We delineate the datasets utilized for different models within our proposed dialogue system and elaborate on the associated data preprocessing techniques.

IEMOCAP Dataset for Emotion Recognition. For our study in emotion recognition, we selected the IEMOCAP dataset [22]. IEMOCAP is notable for its genuine and spontaneous interpersonal interactions that span a wide range of emotional expressions. It encompasses five primary emotional categories, namely, anger, happiness, neutrality, sadness, and surprise. The dataset, consisting of over 12,000 instances, has been partitioned into training, validation, and test sets, adhering to an 80%/10%/10% split.

OpenViDial Dataset for Dialogue Generation.
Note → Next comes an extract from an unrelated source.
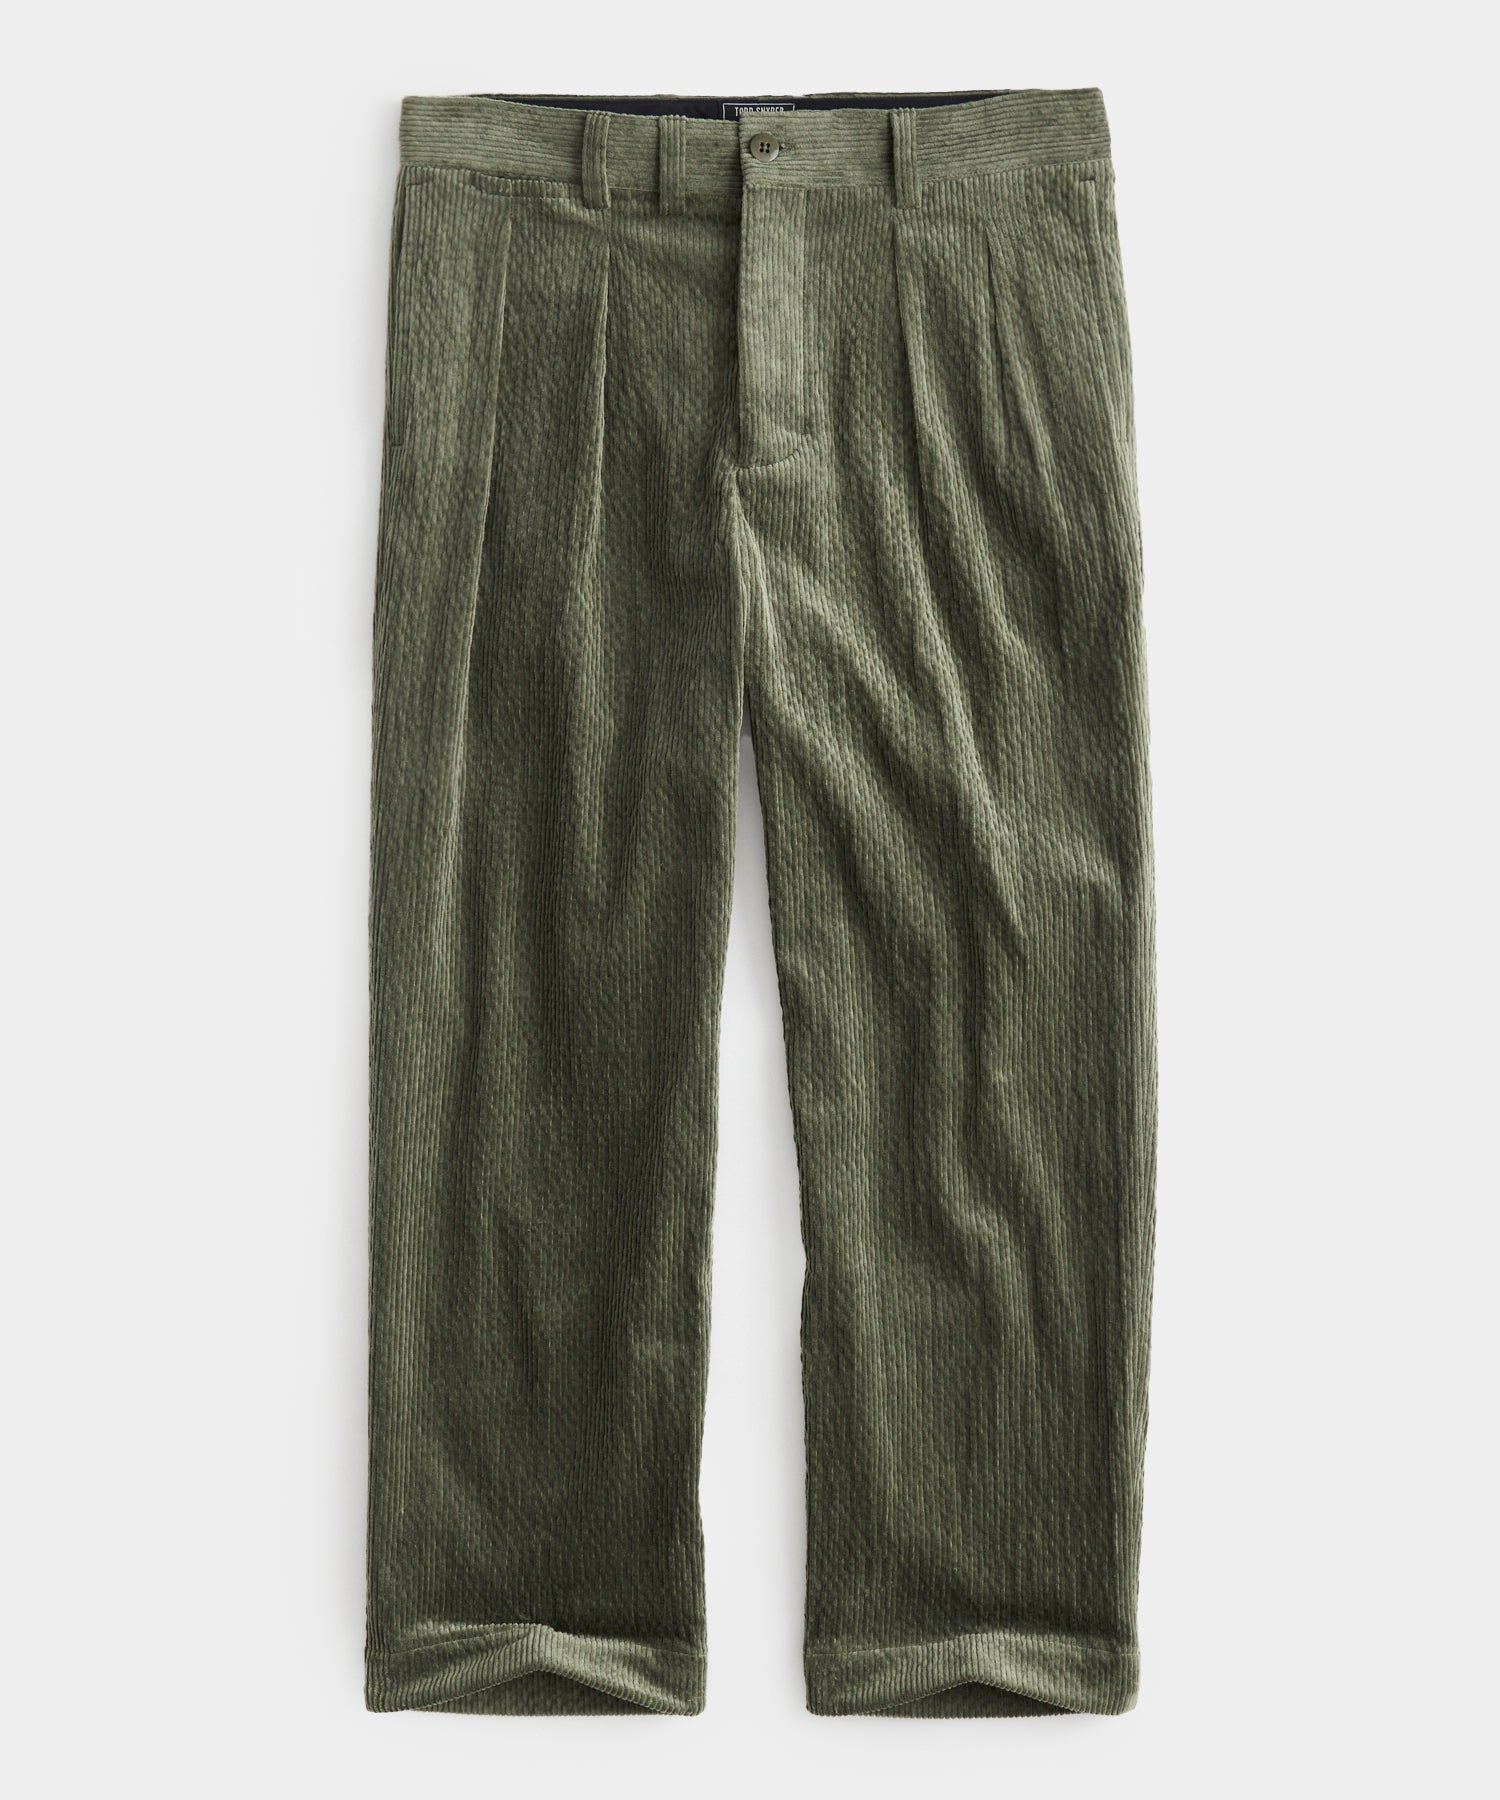 Italian Wide Wale Corduroy Officer Chino in Fatigue

To assess the effectiveness of our dialogue generation model, we utilized a subset of the OpenViDial corpus [12], containing 80,000 single-round open-domain dialogues. Each sentence in this dataset is juxtaposed with a corresponding visual context.(i)Emotion Labeling. We attributed an emotion label—happiness, sadness, anger, surprise, or neutral—to each instance within this dataset.(ii)Knowledge Extraction from ConceptNet.Leveraging ConceptNet [23], an external knowledge base, we extracted knowledge triples for each dataset item. This extraction involved fuzzy matching of word forms in the input text with Spacy (https://spacy.io/). Prioritizing verbs and nouns as potential knowledge concepts, we discarded stop words. Using a preloaded language model, we discerned and segregated verbs and nouns for further analysis. The segmented word results were then screened to omit stop words. This methodology, which echoes the approach of Guan et al. [24], ensures that our extracted graph remains uncluttered.(iii)Subgraph Creation. After identification of primary concepts, we delved into the knowledge base to explore and extract neighboring concepts. This formed a 1-hop knowledge subgraph. Though this process could be iteratively performed for multihop knowledge extraction, we confined our exploration to 1-hop for training efficiency. We also limited the neighboring concept count to a maximum of 100 per primary concept.

In the end, we structured the dataset into three segments: a test set with 8,000 samples, a validation set also with 8,000 samples, and a training set containing the remaining 64,000 samples.

3.1.3. Baselines

To evaluate the effectiveness and usability of our proposed multimodal and emotion-aware dialogue system, we compared it against leading unimodal and multimodal dialogue systems. The systems we considered include(i)Text-Based Method. This advanced dialogue generation method is based solely on text input, as cited in [25]. We use the architecture of the generation stage.(ii)Emotion-Based Method. This dialogue system is cognizant of the user’s emotions. It derives its responses by focusing on the user input text and the displayed emotions while excluding any visual cues from the user, as referenced in [6].(iii)Image-Chat [4]. This represents a dialogue generation technique that merges both text and visual inputs. The model is equipped with a comprehensive input array consisting of user text, image style, and images. Utilizing all these streams of information allows for a thorough assessment of the model’s performance.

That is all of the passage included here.